Friday, February 6, 2009


To quote John Fitzgerald Kennedy on the occasion of his inauguration." let us begin." I would like to first thank the editorial staff of the Voice for giving me the chance to share my thoughts with this wonderful community. In addition, I would also like to extend a kind word to Bob Schaeffer. Bob, it will be a cold day in hell when I move to your side of the aisle but there is no doubt that you have achieved the goals of a good journalist; namely getting people to think about the world around them and motivating them to take action. In short, I would not be here were it not for your capacity to bring my Irish blood to a fine boil.

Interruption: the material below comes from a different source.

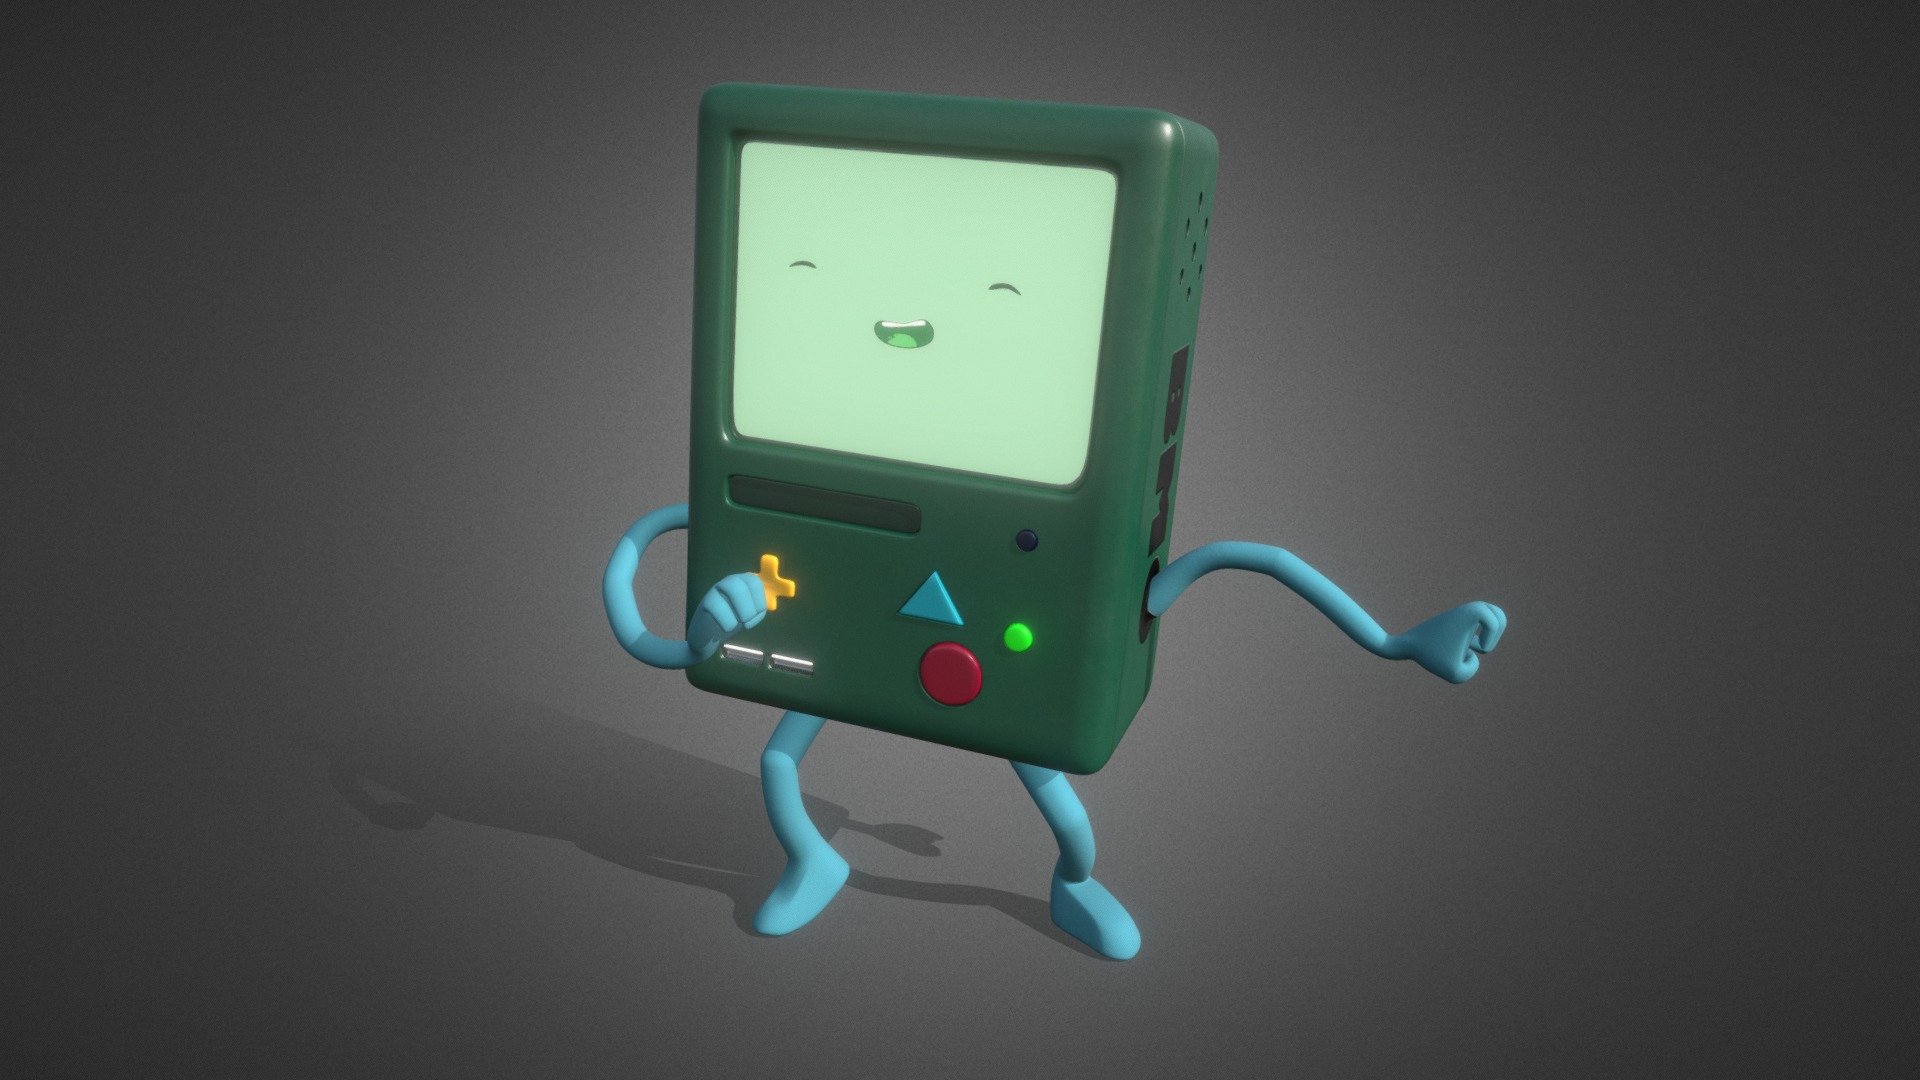 3D model of BMO from adventure time.

Modeled, rigged and animated in Blender 2.8, rendered with eevee, texturized in Substance painter. The arms animation was made with Bbones, since i couldn't make it wok in sketchfab i uploaded the model without the animations. Also, the original face was made with grease pencil, but here is uploaded as mesh, since sketchfab doesn't support it 3d model

Unlike the Relative Truth, this column will be likely hew closer to the philosophy of Franklin Delano Roosevelt than Ronald Wilson Reagan. But at the request of my editors, the subjects will be wide and varied. Sometimes we will go head to head with the " Robert Novak" of Severna Park. Other times we will pursue other topics. But through it all I hope to impart a philosophical dictum I once learned from a wise old Jesuit priest, namely that things work best when people understand that life is not an on and off switch but a volume control.

Much of the greatness of our nation is based on this notion. Historians speak of the concept of American exceptionalism. This idea is based on the idea that freedom and liberty rather than government control are at the heart of our success. But those who claim that the government that governs least governs best have short memories. Since the Great Depression we have worked to find a middle ground. We reject European socialism but also refuse to embrace libertarianism. Bill Clinton and Tony Blair are often given credit for crafting what has come to be known as the " third way" position. But the attempt to find the middle ground actually goes back to the foundations of the Republic. No less a man than James Madison held that a well functioning political process is endangered by extreme wealth and extreme indigence."

So while we aspire to live up to the stereotype of the intrepid, self-sufficient entrepreneur, we also understand that programs like Medicare, Social Security and College loans are part of the glue that holds our society together. This is why I believe that a political philosophy that rests on tax cuts is no philosophy at all but simply an abdication of responsibility. People of good will can argue over the merits and the level of resources that should be made available to the aforementioned programs. But no serious politician would ever call for their abolishment. Taxes are the price we pay for civilization.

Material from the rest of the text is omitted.